INFORMATION PROVIDED:

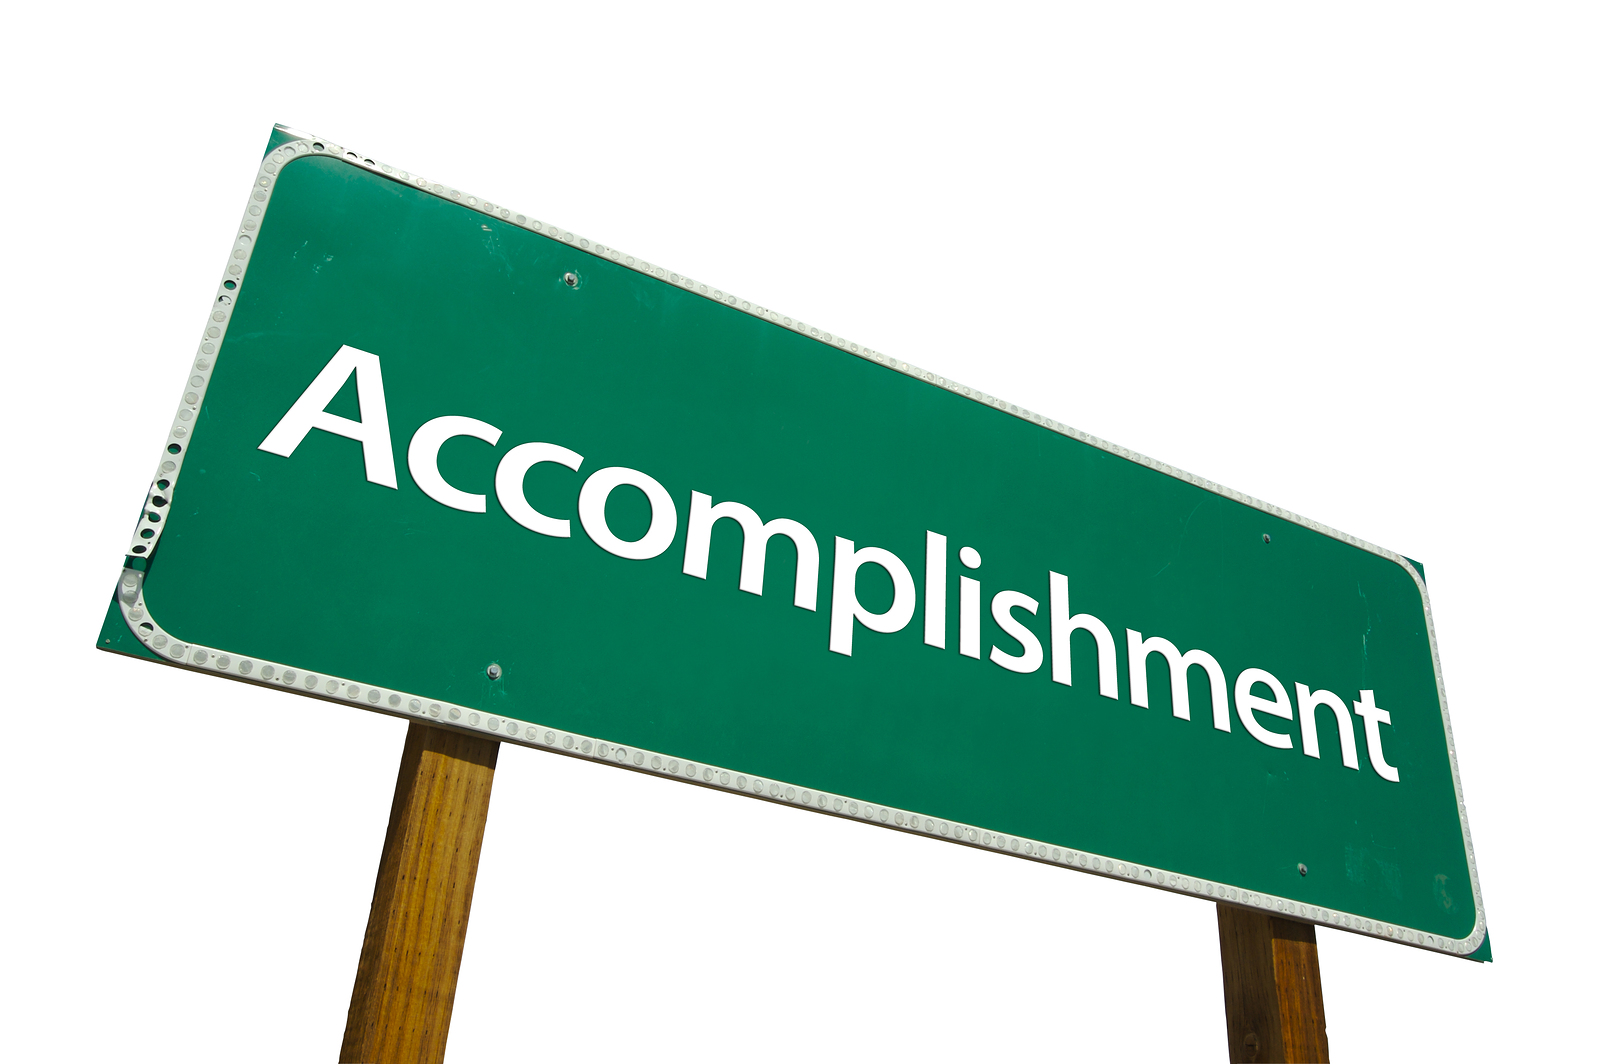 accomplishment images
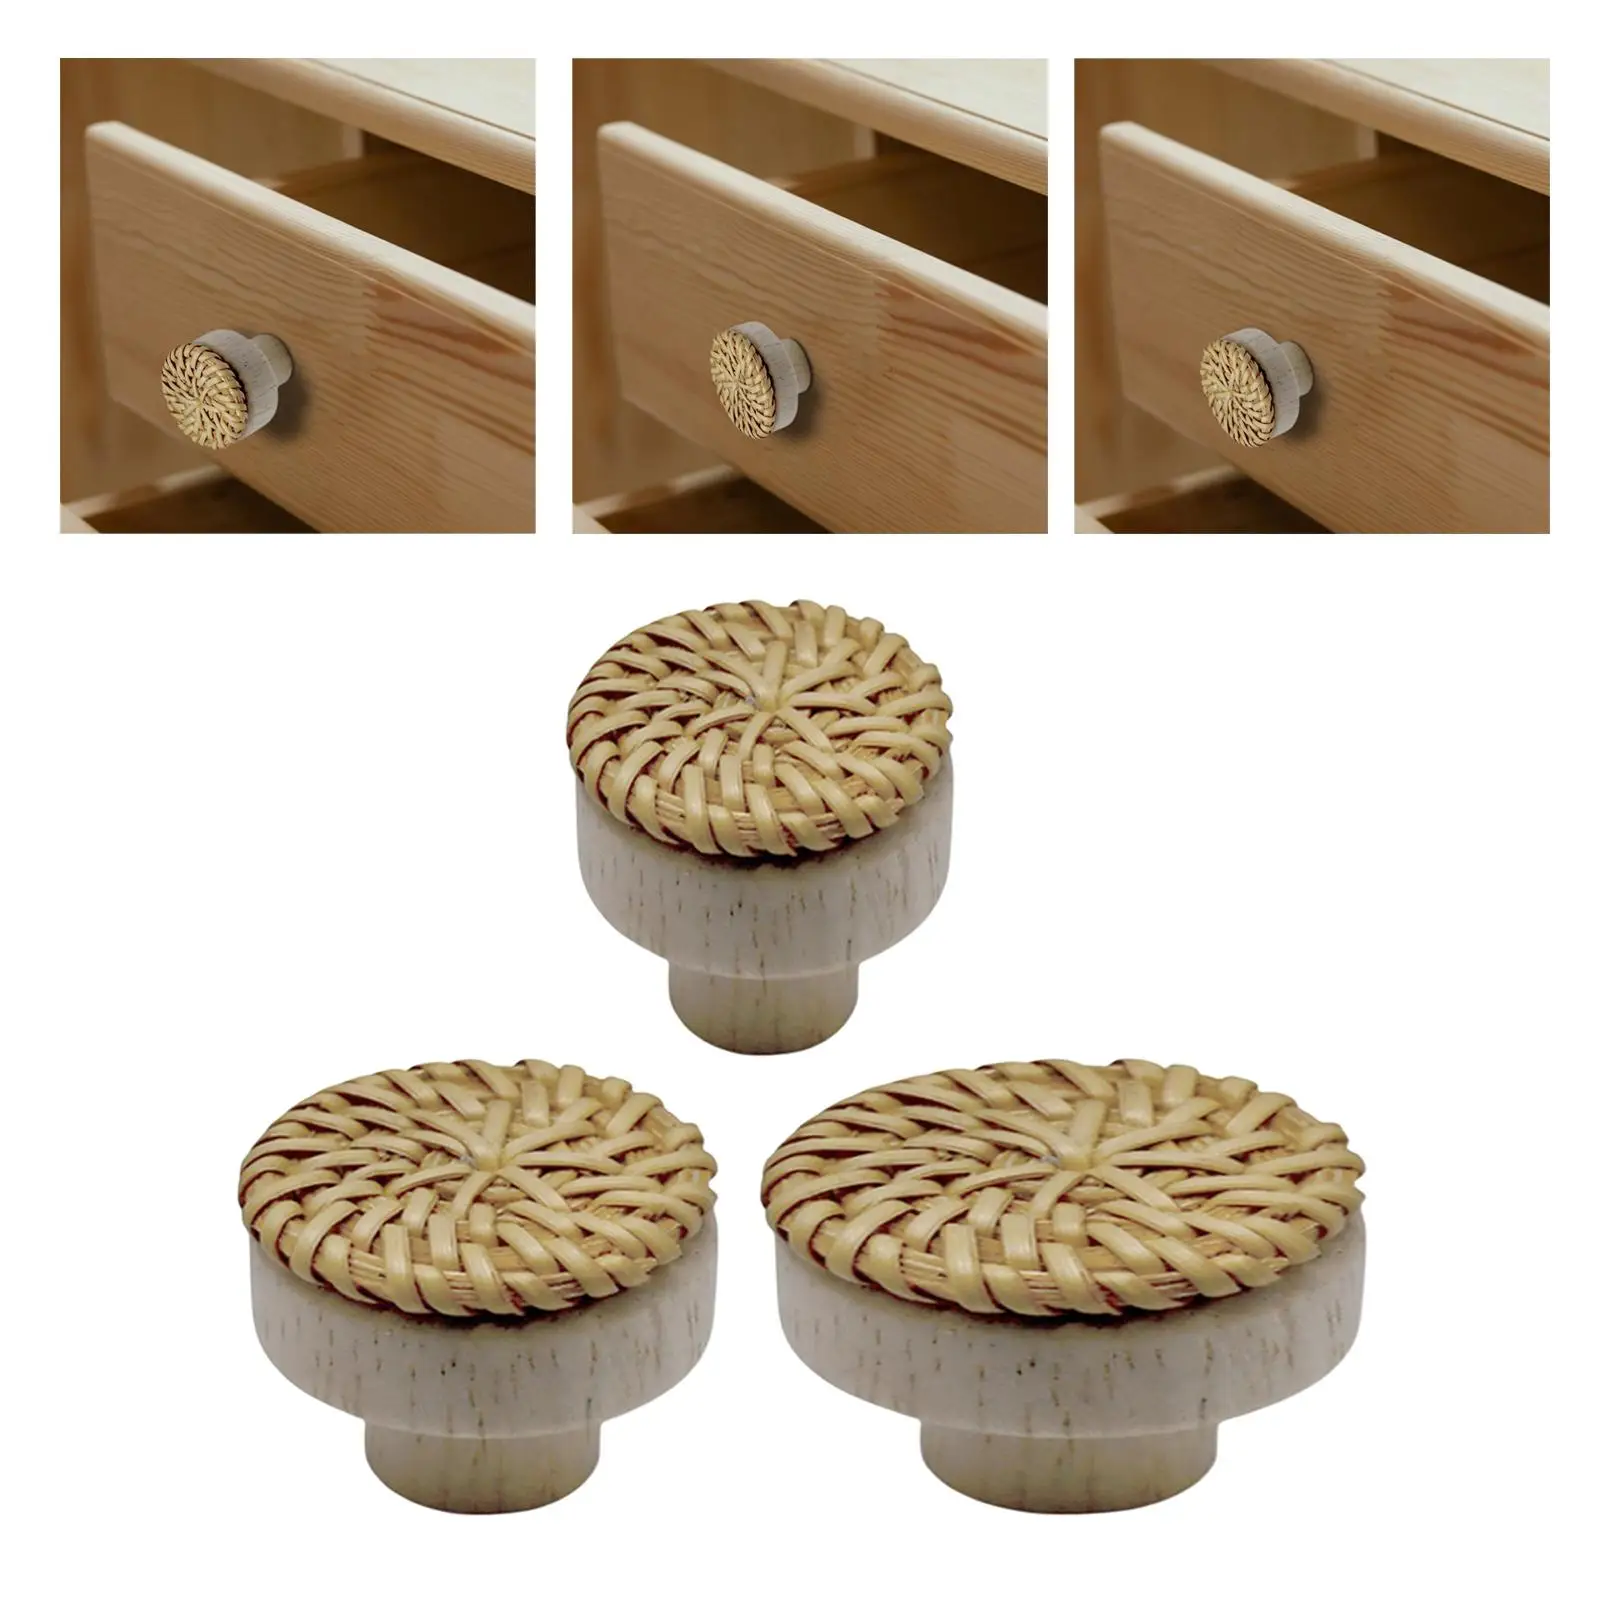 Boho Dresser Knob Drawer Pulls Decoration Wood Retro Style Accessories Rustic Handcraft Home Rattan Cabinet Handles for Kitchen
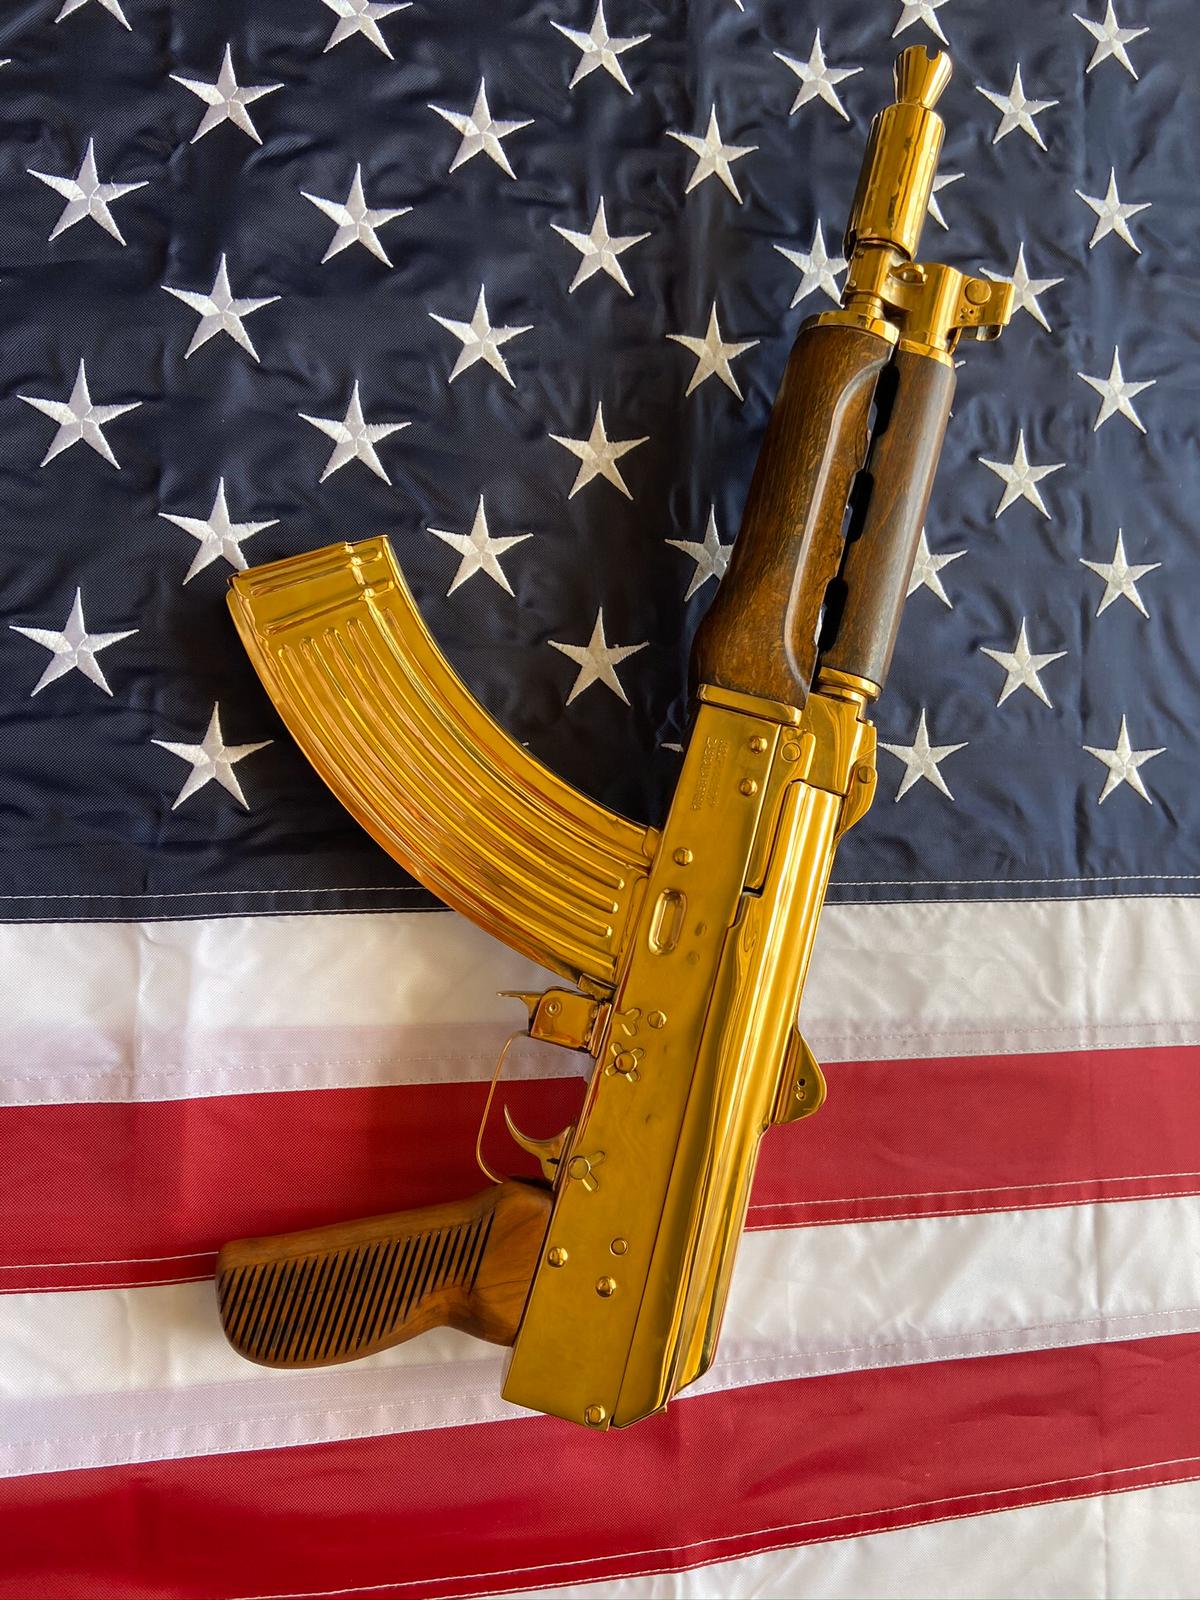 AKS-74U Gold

WHAT IS BEING ASKED:
Beginning with the line containing "Boho Dresser Knob" and ending with the last line of the listing above, output those lines exactly as written, without pictures.

SOLUTION TO THIS EXERCISE:
 Boho Dresser Knob Drawer Pulls Decoration Wood Retro Style Accessories Rustic Handcraft Home Rattan Cabinet Handles for Kitchen
 AKS-74U Gold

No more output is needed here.